Existem iniciativas de visita e permanência em Terras Indígenas vizinhas, para reconstruir a língua dos seus povos através de outras semelhantes, especialmente a dos Huni Kuin. Os nomes indígenas também estão a ser adotados novamente, em vez de nomes de origem latina.

Da mesma forma, são retomados os ofícios já desempenhados por Doña Mariana e os existentes nas Terras Indígenas vizinhas. Resgatam também a pintura, através de experiências com a ayahuasca e das histórias da Dona Regina, ainda vivas na memória da Dona Mariana.

Existem planos para uma grande migração, com o objetivo de reunir todos os descendentes de Milton e Doña Mariana, e algumas cidades já começam a ser estabelecidas.

Em 2008, foram premiados pelo Xicão Cultura (governo do Acre), pelas canções compostas por alguns jovens Kuntanawa. O mesmo grupo, liderado pelo neto de Milton, Haru, acumulou material em vídeo e está a produzir um filme sobre os Kuntanawa.

Nas palavras de Haru Kuntanawa: “Trabalharemos incansavelmente para defender os direitos do nosso povo e garantir a sustentabilidade da floresta para as gerações futuras.

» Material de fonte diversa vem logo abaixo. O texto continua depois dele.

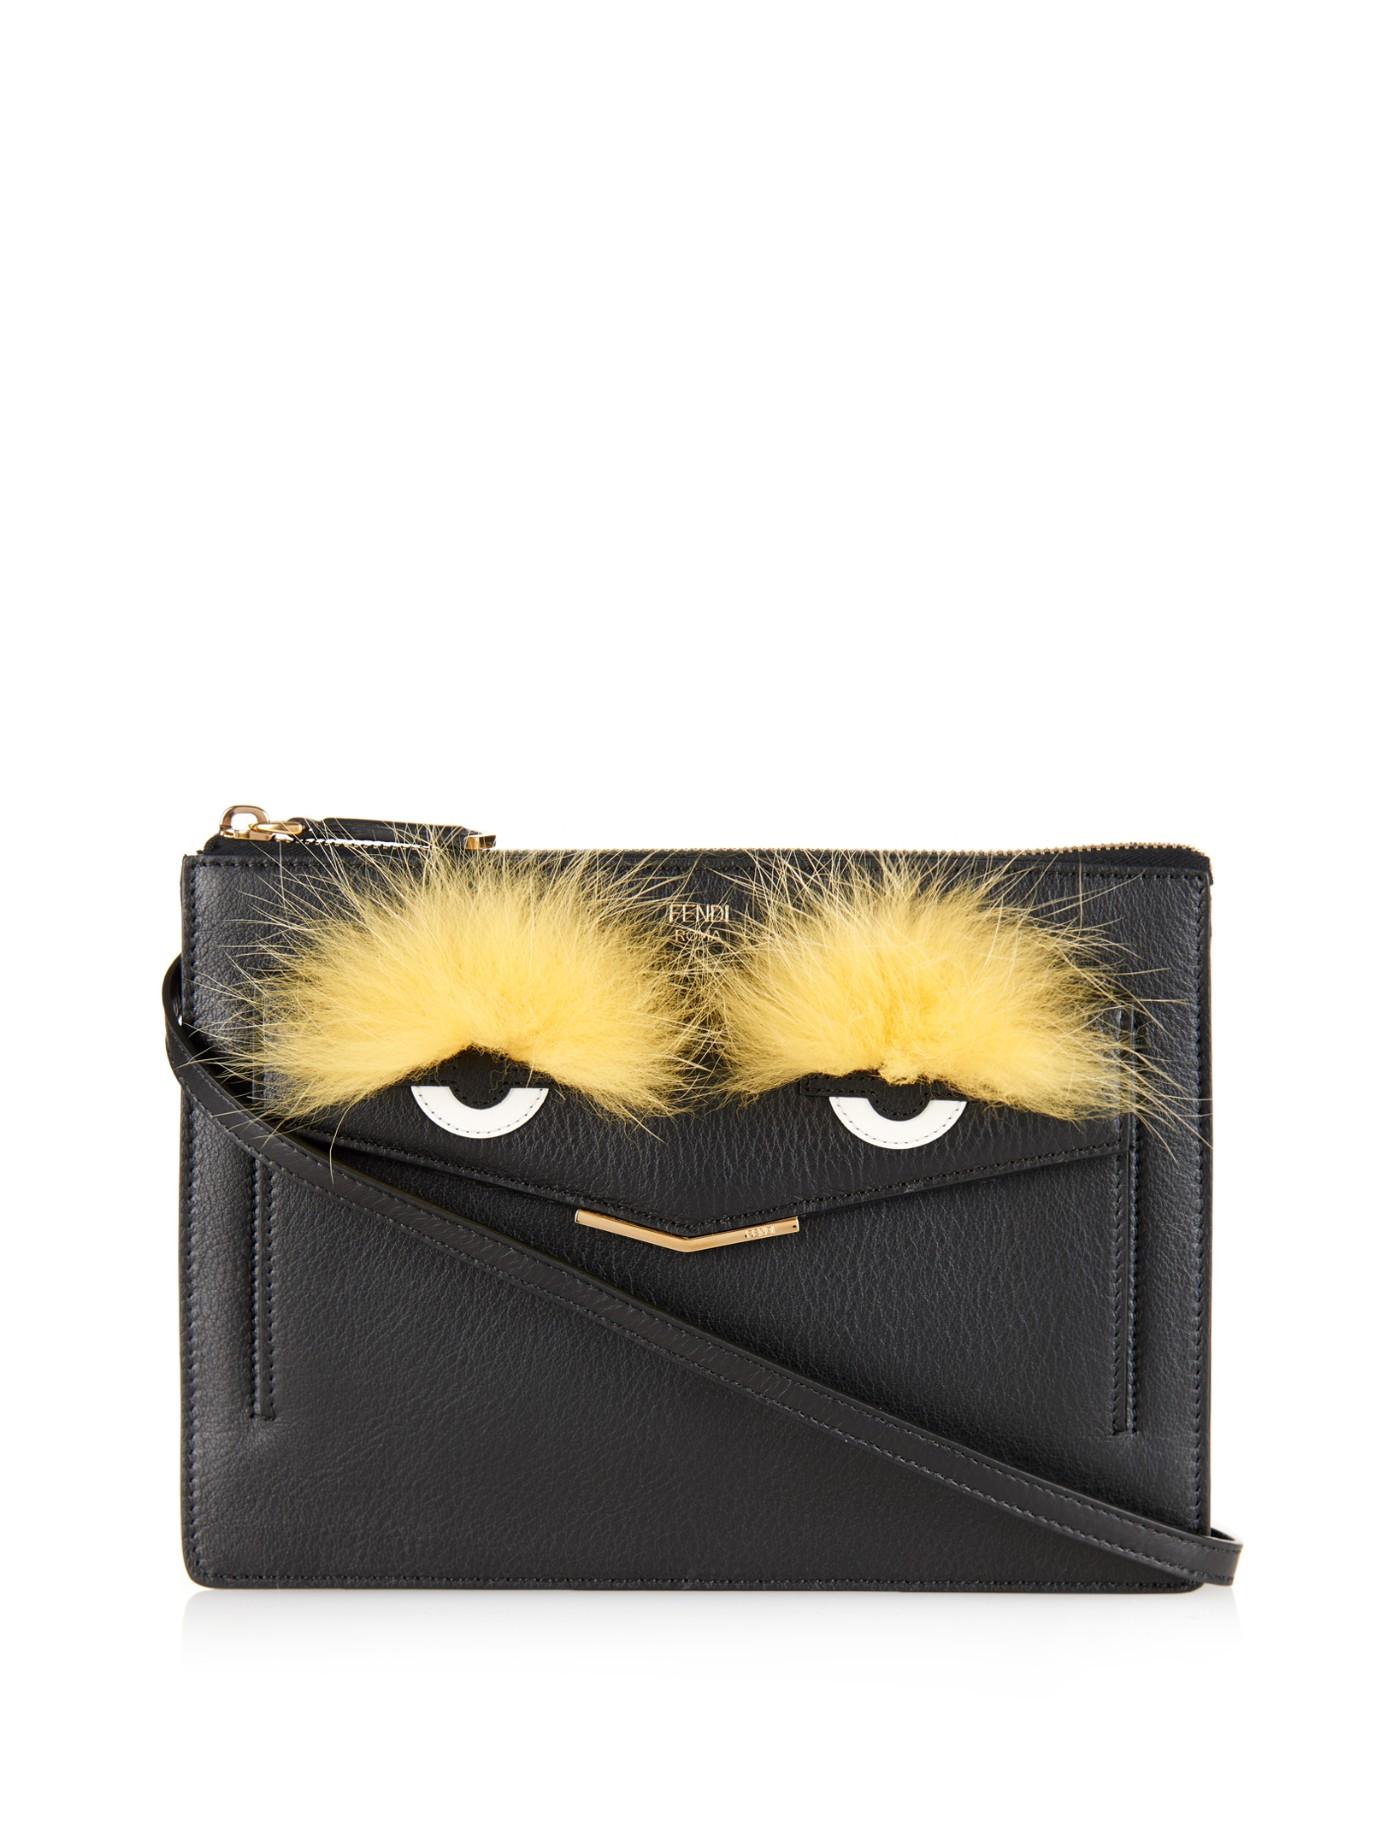 ... promo code for fendi 2jours bag bugs leather cross body bag in black  lyst 431e8 37436 9e21097f1dec0
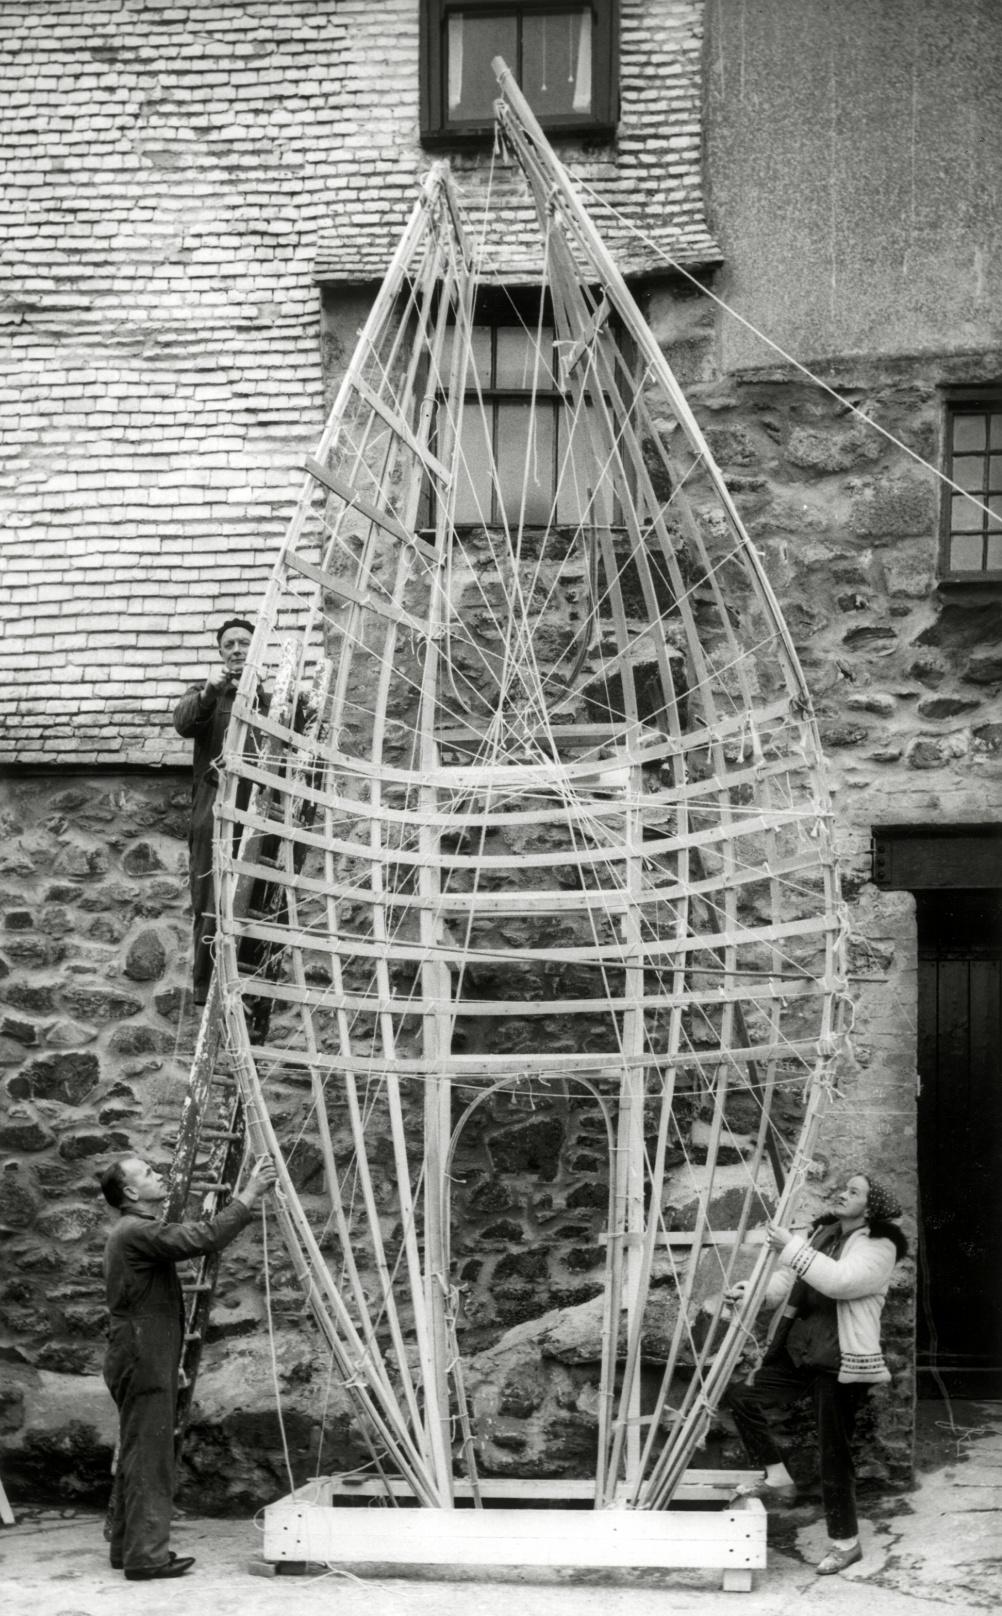 Barbara Hepworth Winged Figure, work in progress, 1962, Courtesy Bowness, Hepworth Estate

Educaremos e capacitaremos as nossas comunidades para compreenderem a importância da floresta e participarem na sua proteção e preservação. Continuaremos também a colaborar com organizações locais e internacionais para promover o desenvolvimento sustentável e aumentar a consciencialização sobre a importância da floresta da Amazónia.”